» Data below
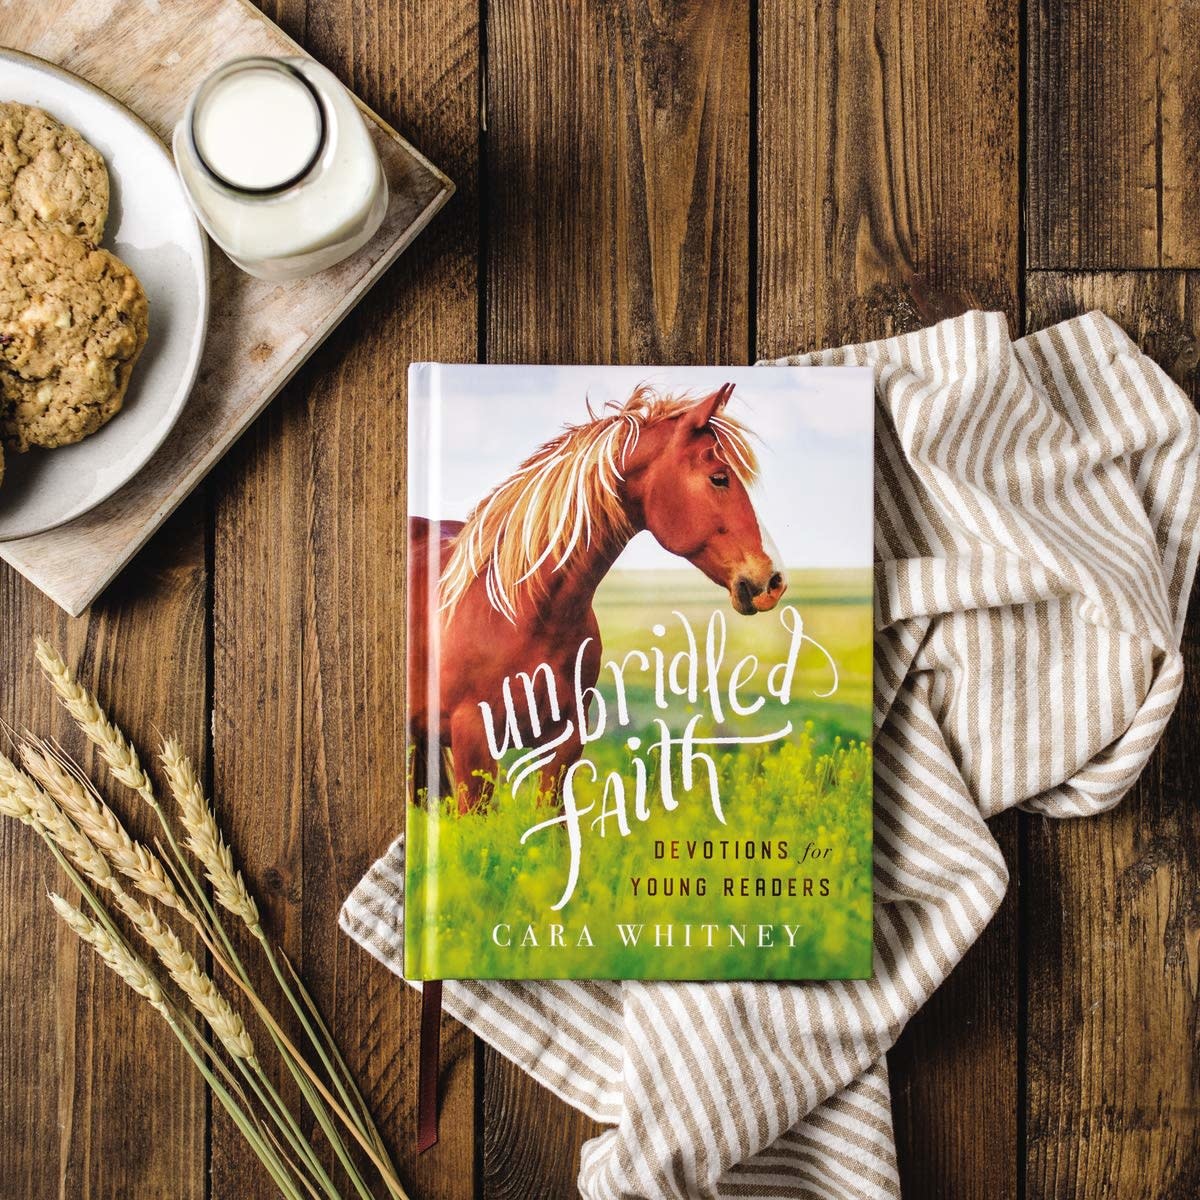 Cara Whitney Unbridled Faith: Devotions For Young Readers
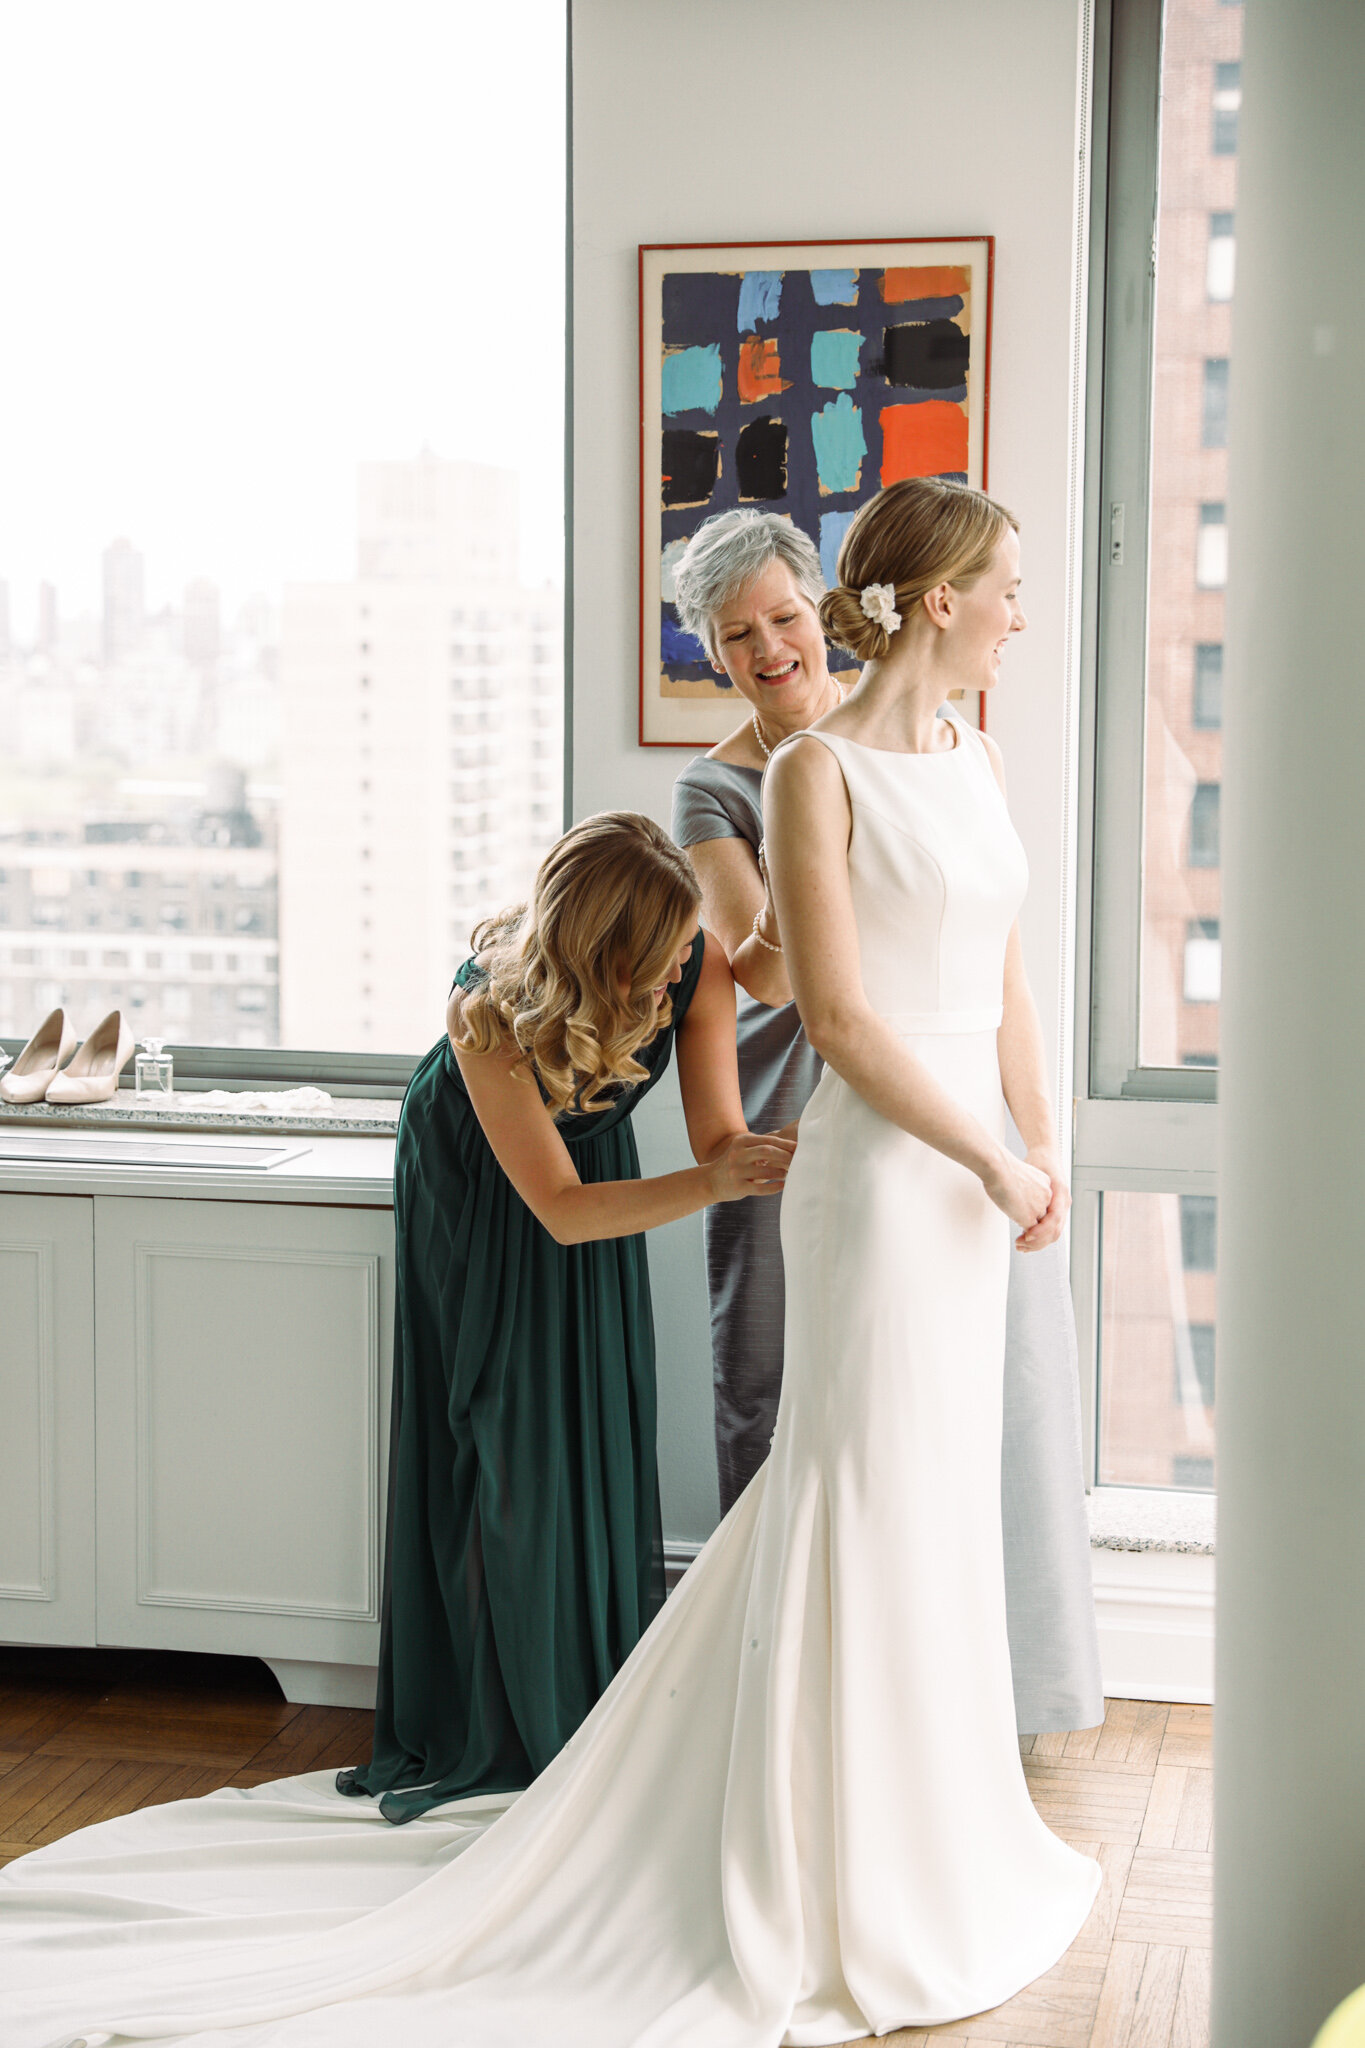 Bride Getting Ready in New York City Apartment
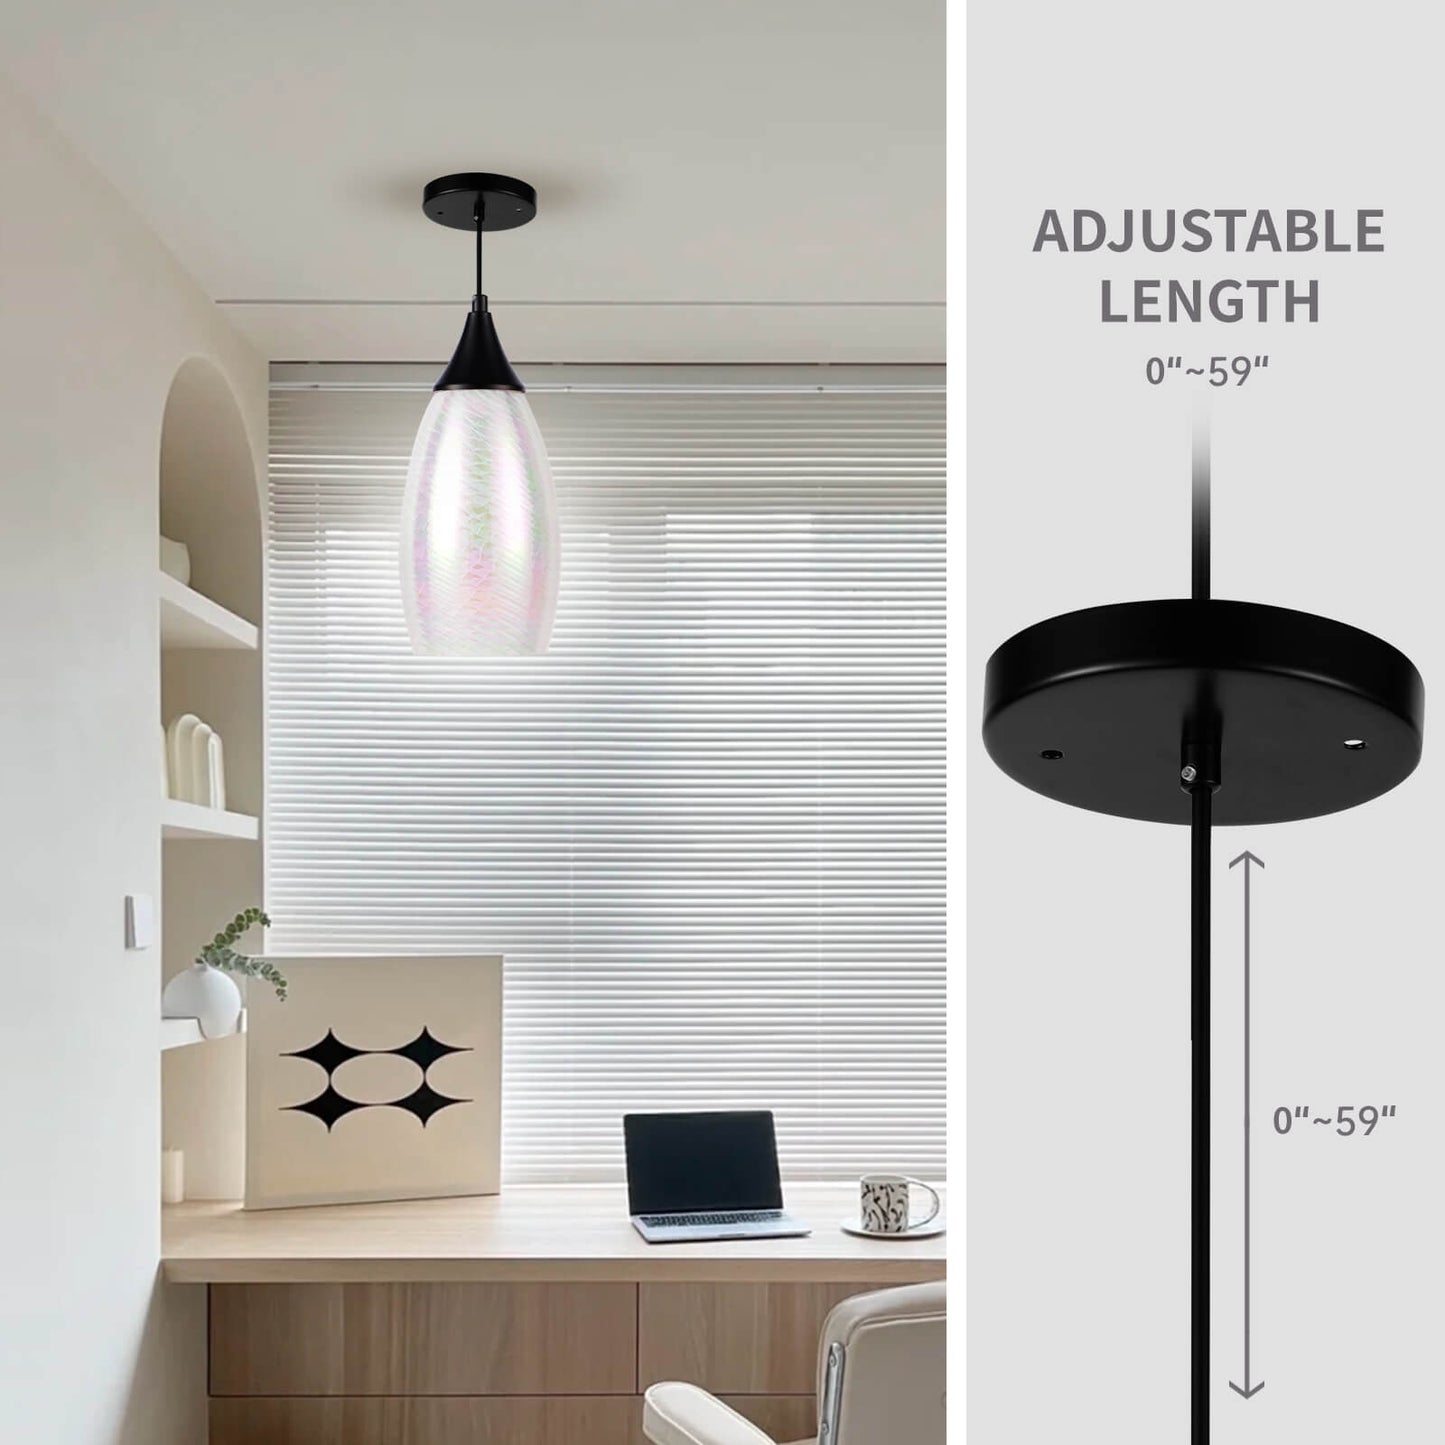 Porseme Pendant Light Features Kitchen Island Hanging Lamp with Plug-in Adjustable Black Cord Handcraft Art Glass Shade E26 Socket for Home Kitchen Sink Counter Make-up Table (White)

» About this exercise
Write out the data in full and exactly as given, though without the images.

» Task response
 Cara Whitney Unbridled Faith: Devotions For Young Readers
 Bride Getting Ready in New York City Apartment
 Porseme Pendant Light Features Kitchen Island Hanging Lamp with Plug-in Adjustable Black Cord Handcraft Art Glass Shade E26 Socket for Home Kitchen Sink Counter Make-up Table (White)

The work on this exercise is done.